Iranian-Linked Cyber Actors Target US Critical Infrastructure, Security Leaders Respond

By Jordyn Alger, Managing Editor
Power lines
Yuan Yang via Unsplash
April 8, 2026

The Cybersecurity & Infrastructure Security Agency (CISA) has issued a warning that cyber actors connected with Iran are focusing cyberattacks on United States critical infrastructure. Sectors of focus include: 

  • Water and wastewater systems (WWS) 
  • Energy
  • Government facilities and services 

With the news that Iranian-associated cyber actors are targeting critical infrastructure in the U.S., security experts are sharing their insights. 

Security Leaders Weigh In

Bradley Smith, SVP, Deputy CISO at BeyondTrust:

The Iranian cyber proxy ecosystem is not waiting for an escalation trigger — it is already operating at a wartime tempo.

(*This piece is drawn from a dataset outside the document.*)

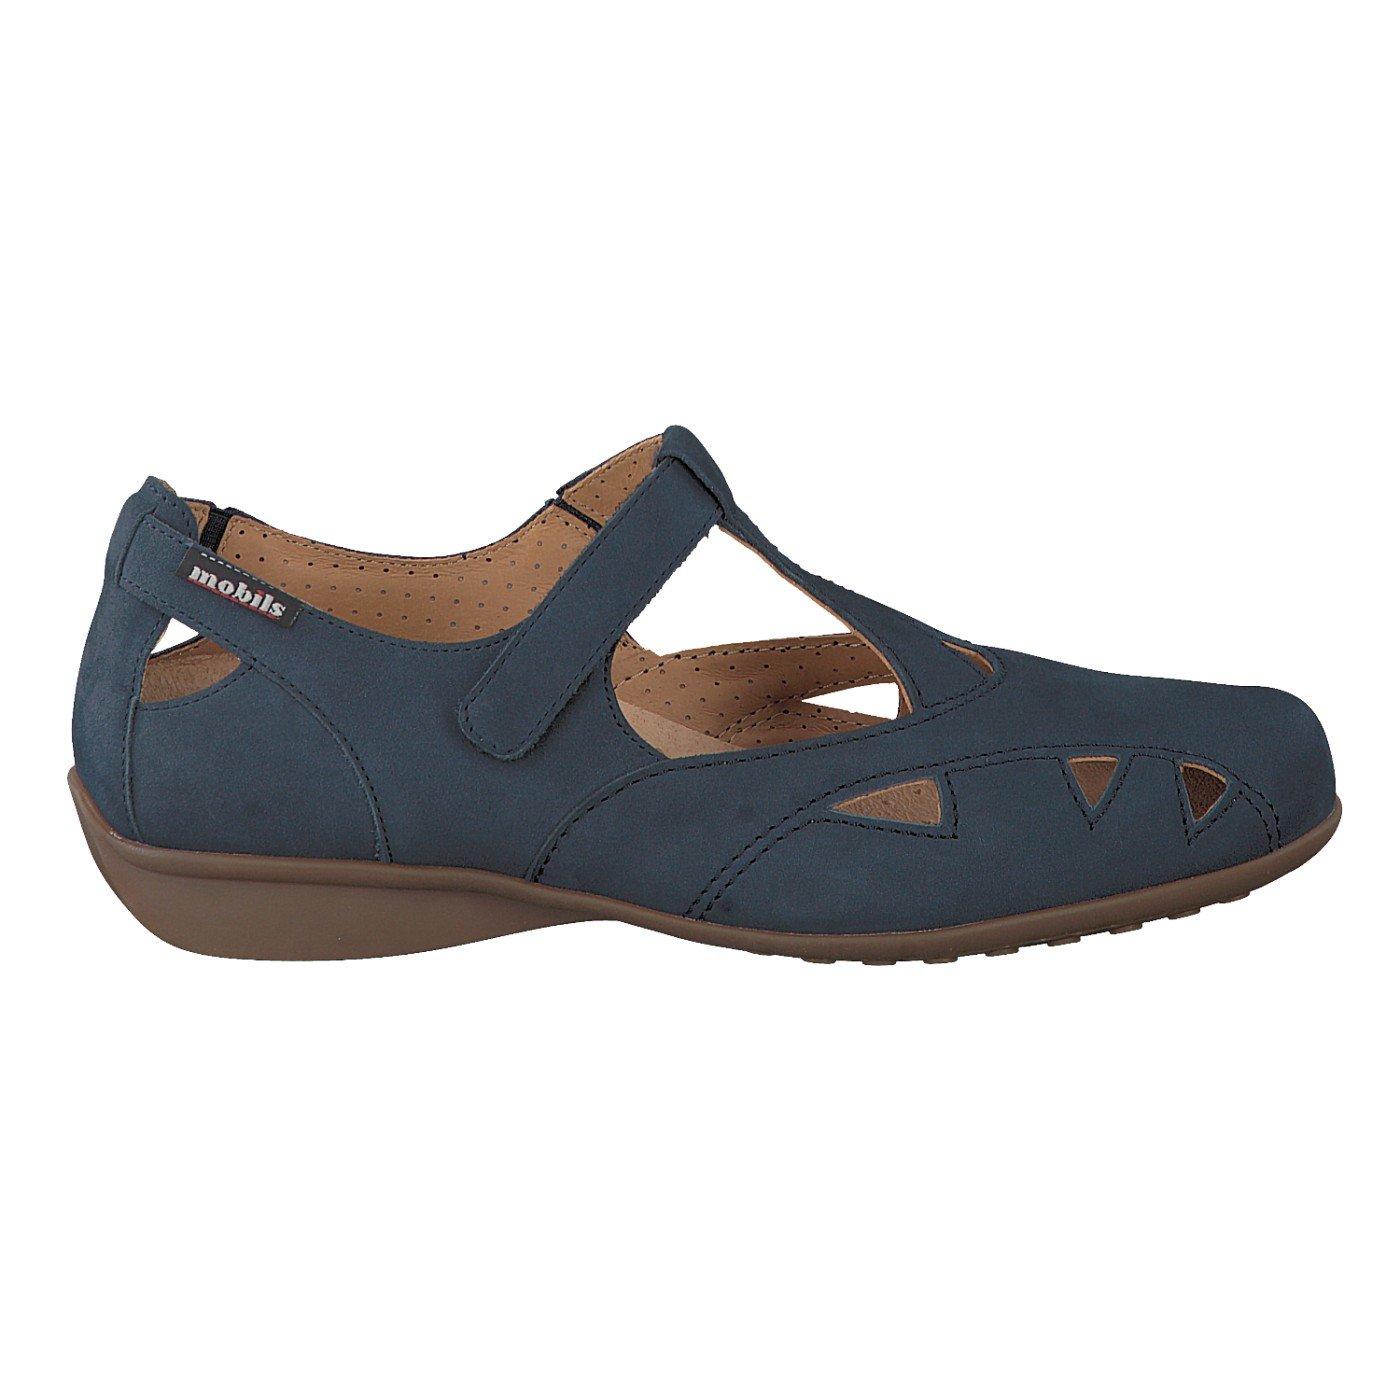 Bleu Marine Marine Marine Mephisto - Chaussures FANTINE - Bleu Marine c6a

BeyondTrust has been tracking this activity since the early hours of Operation Epic Fury and sharing threat intelligence with our customers to support defensive preparation. What we have assessed is that the operational preparation phase for multiple Iran-aligned actors was complete before the first strikes landed on February 28. Tools were staged, reconnaissance was reported, and targets were identified. The threat now is not that these groups will activate — it is that strikes against civilian infrastructure will remove any remaining restraint on target selection and destructive intent.

The effectiveness of these operations has increased in both quality and scale compared to previous Iranian cyber campaigns. A significant contributing factor is the documented use of AI-enhanced social engineering by groups such as APT42, which has degraded the reliability of traditional detection indicators. Phishing lures and credential harvesting operations are more convincing, more scalable, and harder to distinguish from legitimate communications than in any prior campaign cycle we have tracked. This is compounding an already elevated risk to identity infrastructure, where a single compromised credential can provide an adversary the foothold needed to move laterally into critical systems.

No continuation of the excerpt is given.